Karen K. Ballen, Steven Joffe, Ruta Brazauskas, Zhiwei Wang, Mahmoud D. Aljurf, Görgün Akpek, Christopher Dandoy, Haydar A. Frangoul, César O. Freytes, Nandita Khera, Hillard M. Lazarus, Charles F. LeMaistre, Paulette Mehta, Susan K. Parsons, David Szwajcer, Celalettin Ustun, William A. Wood, Navneet S. Majhail

Research output: Contribution to journalArticlepeer-review

27 Scopus citations

Abstract

Several studies have shown comparable survival outcomes with different graft sources, but the relative resource needs of hematopoietic cell transplantation (HCT) by graft source have not been well studied.
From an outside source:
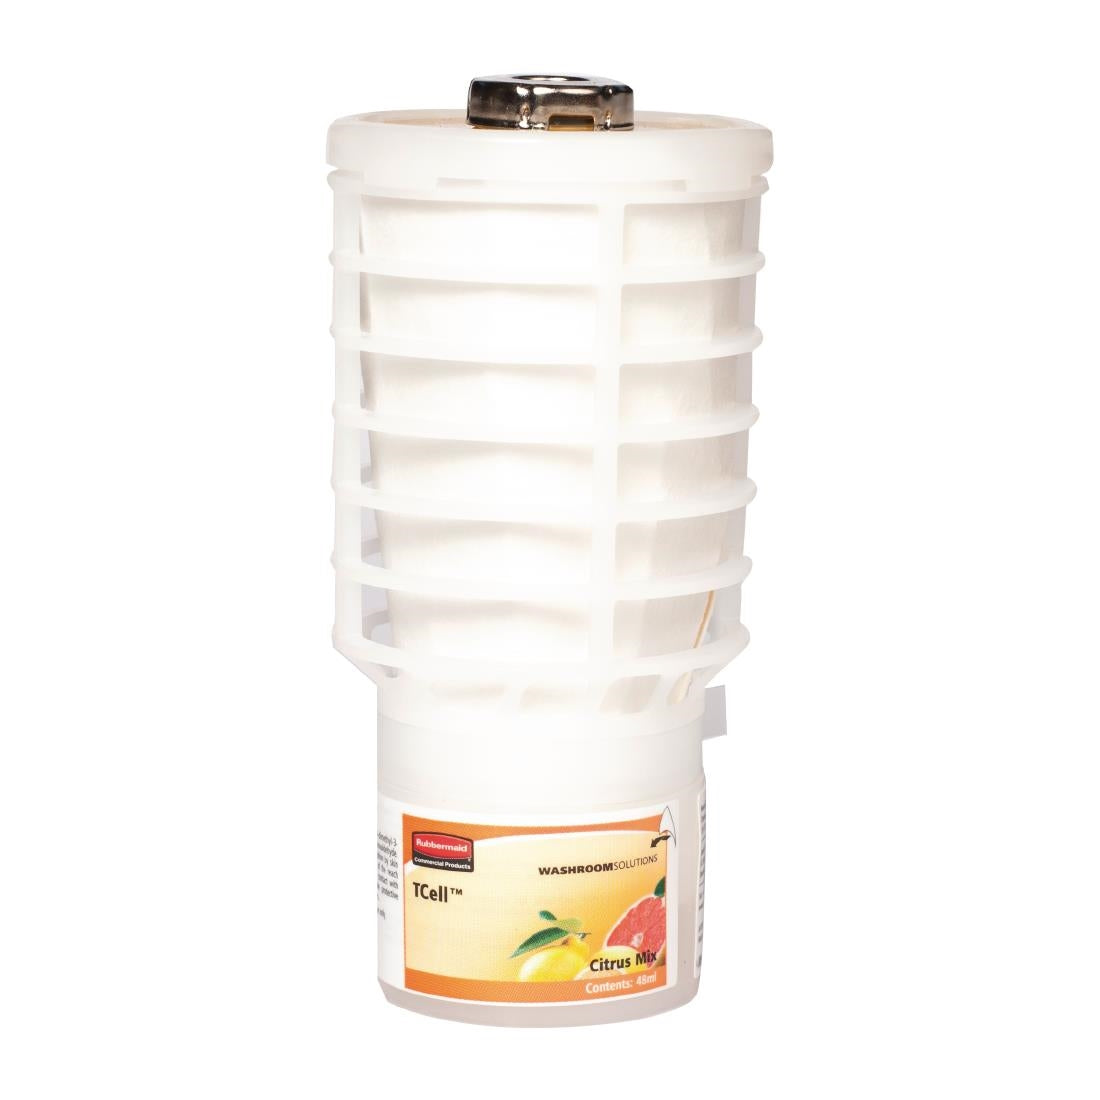 FT578 Rubbermaid TCell 1.0 Air Freshener Refill Citrus Mix JD Catering Equipment Solutions Ltd

We compared total hospital length of stay in the first 100days after HCT in 1577 patients with acute leukemia in remission who underwent HCT with an umbilical cord blood (UCB), matched unrelated donor (MUD), or mismatched unrelated donor (MMUD) graft between 2008 and 2011. To ensure a relatively homogenous study population, the analysis was limited to patients with acute myelogenous leukemia and acute lymphoblastic leukemia in first or second complete remission who underwent HCT in the United States. To account for early deaths, we compared the number of days alive and out of the hospital in the first 100days post-transplantation. For children who received myeloablative conditioning, the median time alive and out of the hospital in the first 100days was 50days for single UCB recipients, 54days for double UCB recipients, and 60days for MUD bone marrow (BM) recipients. In multivariate analysis, use of UCB was significantly associated with fewer days alive and out of the hospital compared with MUD BM. For adults who received myeloablative conditioning, the median time alive and out of the hospital in first 100days was 52days for single UCB recipients, 55days for double UCB recipients, 69days for MUD BM recipients, 75days for MUD peripheral blood stem cell (PBSC) recipients, 63days for MMUD BM recipients, and 67days for MMUD PBSC recipients. In multivariate analysis, UCB and MMUD BM recipients had fewer days alive and out of the hospital compared with recipients of other graft sources. For adults who received a reduced-intensity preparative regimen, the median time alive and out of the hospital during the first 100days was 65days for single UCB recipients, 63days for double UCB recipients, 79days for MUD PBSC recipients, and 79days for MMUD PBSC recipients. Similar to the other 2 groups, receipt of UCB was associated with a fewer days alive and out of the hospital. In conclusion, length of stay in the first 100days post-transplantation varies by graft source and is longer for UCB HCT recipients. These data provide insight into the resource needs of patients who undergo HCT with these various graft sources.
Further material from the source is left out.